Earlier this year, Baidu and Alibaba unveiled artificial intelligence systems similar to ChatGPT, which was developed by the Silicon Valley research lab OpenAI. Baidu said it had applied for approval for the advance after the Chinese cyberspace watchdog published guidelines for the AI ​​systems in April.
Tencent has made “good progress” on its own AI model, the company said on Wednesday, with teams planning new AI offerings, though it did not elaborate.
The companies are targeting their AI services at businesses as well as businesses — in part because mass-appeal chatbots could disrupt China’s firm grip on information. Alibaba and Baidu each said more than 100,000 companies had lined up to test their artificial intelligence products.

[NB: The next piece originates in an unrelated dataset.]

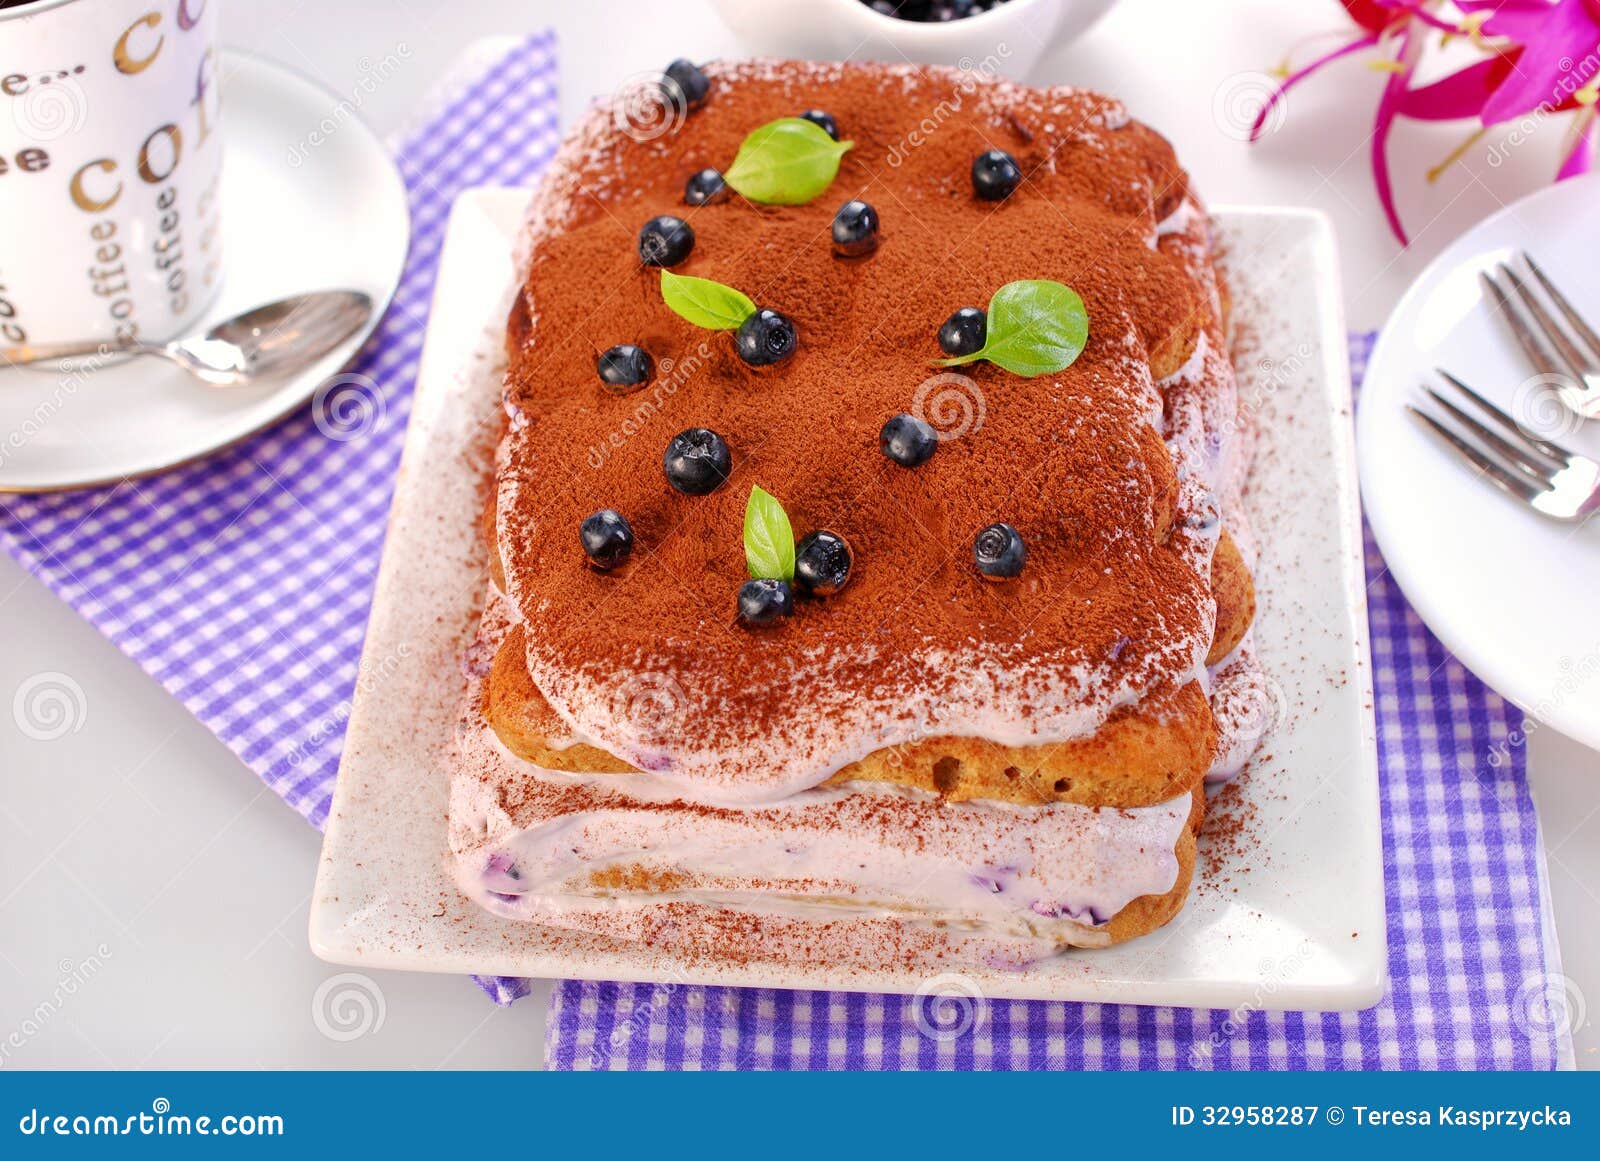 蓝莓提拉米苏蛋糕 免版税图库摄影 - 图片: 32958297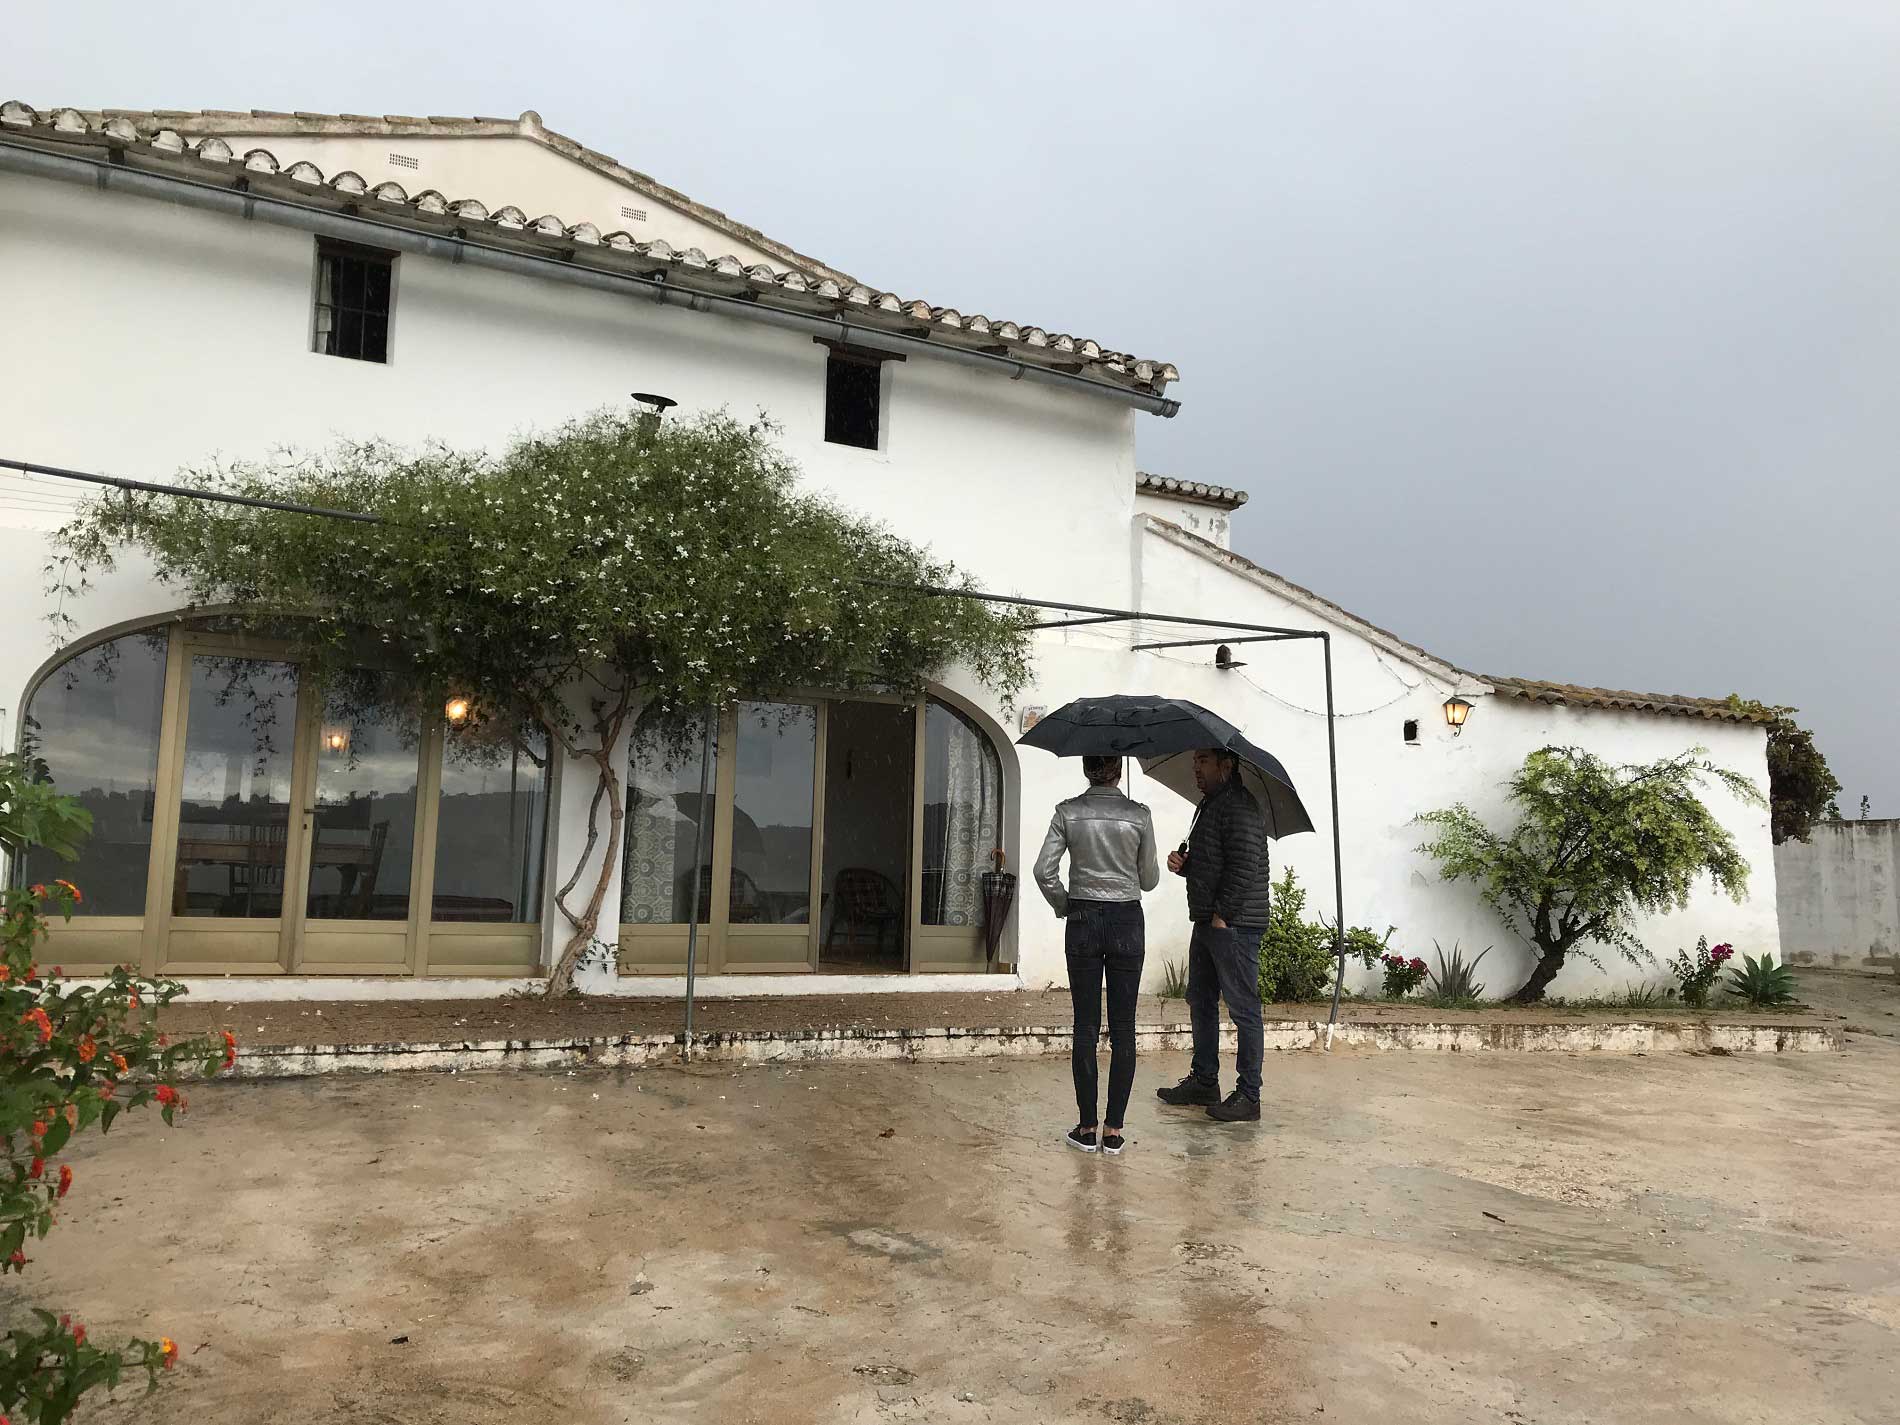 spaanse vakantiehuis bekijken in de regen

Alibaba, Baidu and Tencent are engaged in makeovers at a difficult time. Beijing’s grip on the economy is tighter than ever. Intensified rivalries with the United States have deprived Chinese companies of access to some modern microchips to develop the most advanced artificial intelligence systems. And analysts say a lucrative pool of domestic customers — China’s state-owned enterprises — are rejecting private cloud-computing providers in favor of government-backed alternatives.
Recently, US officials have called for a review of Chinese cloud providers such as Alibaba on national security grounds. Alibaba said Thursday that its cloud business declined in the latest quarter in part because a major customer withdrew its international service for “non-product reasons.”
Those difficulties, both in China and abroad, are keeping some investors away, knowing that the Internet companies are unlikely to return to the growth rates they had a decade earlier. Others think they deserve a second look.
“I would suggest forgetting the past,” said Kenny Wen, head of investment strategy at asset management firm KGI Asia in Hong Kong. “Now they are coming back and we are slowly seeing improvement. We have to give them a new evaluation standard.”